A Facebook representative will meet with Victoria's police chief over concerns the social media site's users are a "mob" that incites hatred and undermines the criminal justice system.
Chief Commissioner Ken Lay confirmed on Friday that since he publicly criticised the company's response to major cases, he had been contacted by Facebook's head in Southeast Asia.
"I'll be meeting with him in the next few weeks to have a chat about some of my concerns," Mr Lay told Fairfax Radio.
Earlier this year, Mr Lay attacked Facebook for failing to quickly remove hate pages that could have threatened the high-profile prosecution of Adrian Ernest Bayley, the Melbourne man accused of raping and murdering ABC staffer Jill Meagher.
"They've got a social responsibility, this mob," Mr Lay said in October.
Bayley, 41, had at least six Facebook pages - devoted to revealing his background - posted on Facebook for days before they were finally deleted.
He is still in custody and awaiting his next court appearance in January.

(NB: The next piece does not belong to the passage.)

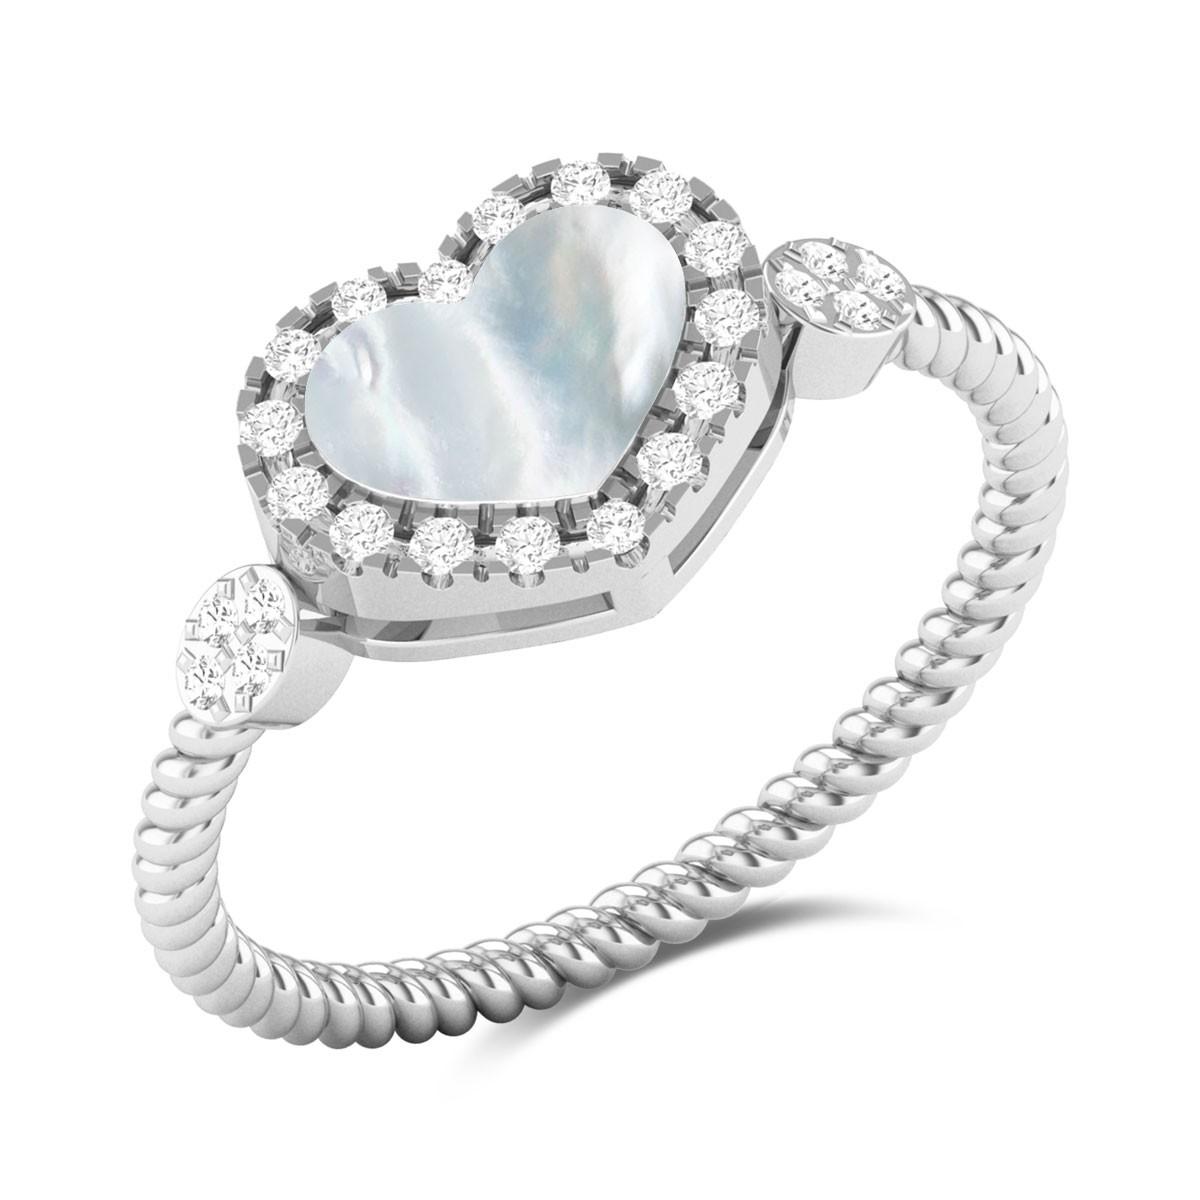 Roleno Diamond Ring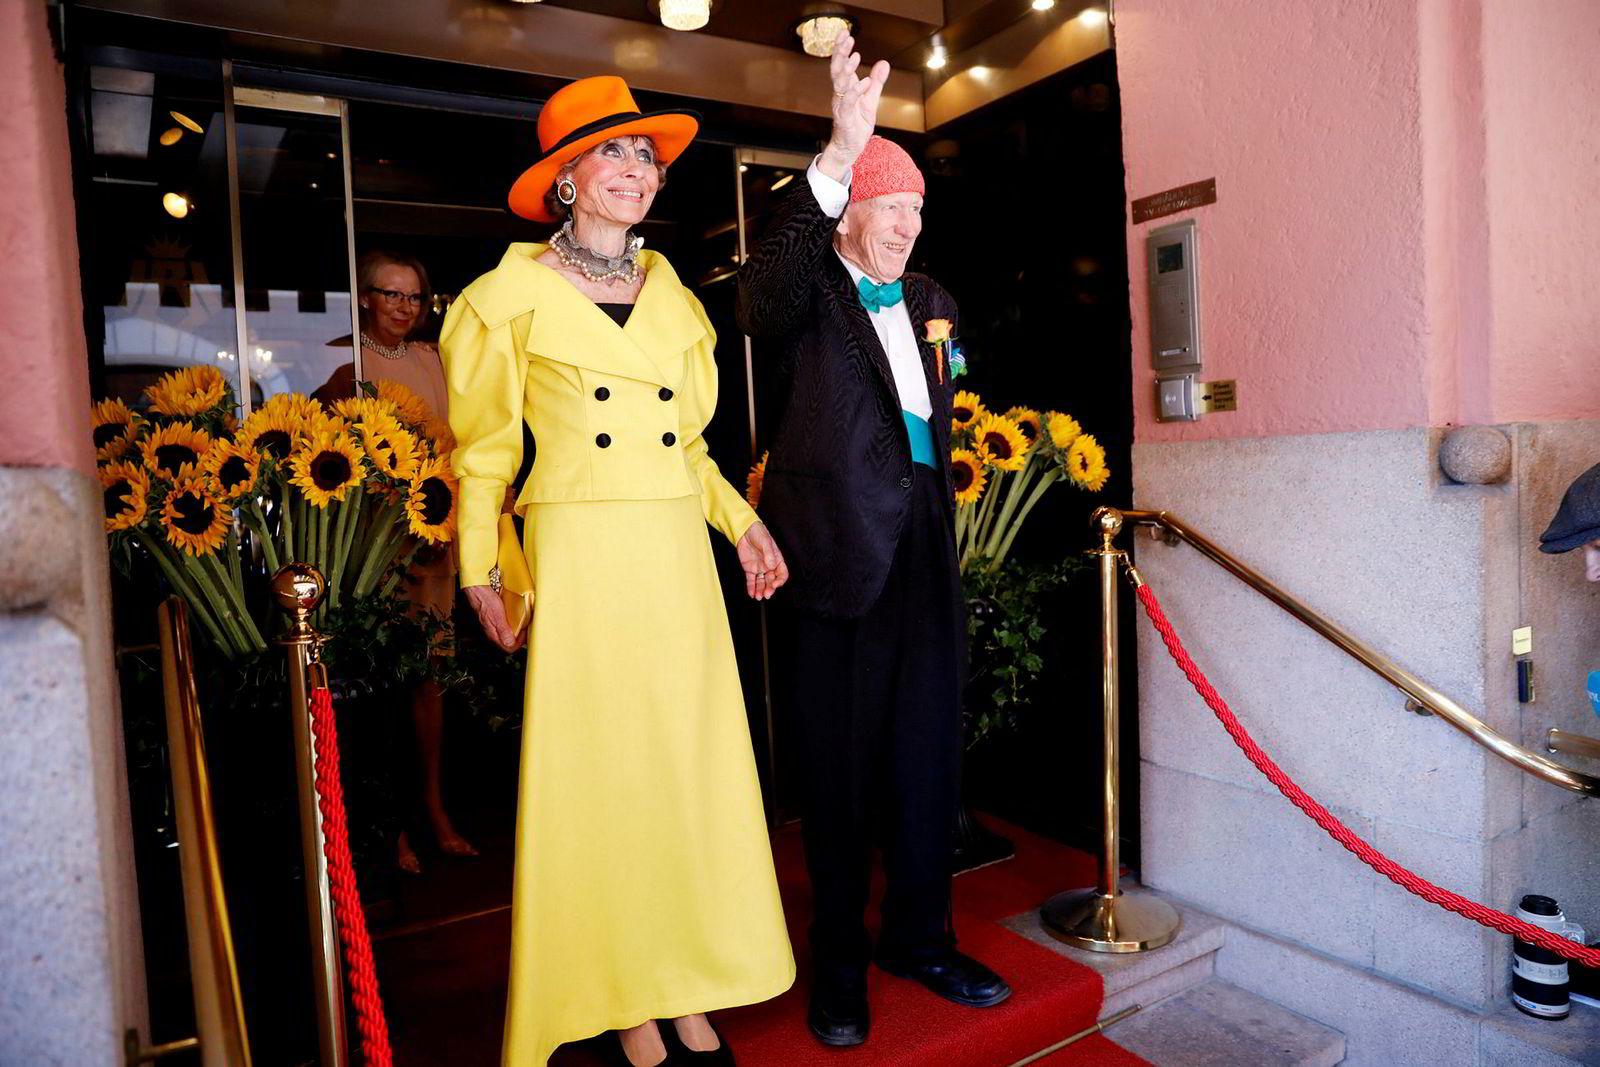 Sissel Berdal Haga og Olav Thon giftet seg på Hotel Bristol i Oslo fredag formiddag. ---

Law enforcement authorities have similar concerns about other hate pages, including some that target accused killers, a page that targeted a senior traffic policeman, and the continuing problem of trolls who litter victims' memorial pages with offensive content.
Australia's attorneys-general met earlier this year to discuss how best to tackle social media when users can easily skirt around court publication bans and prejudice someone's right to a fair trial.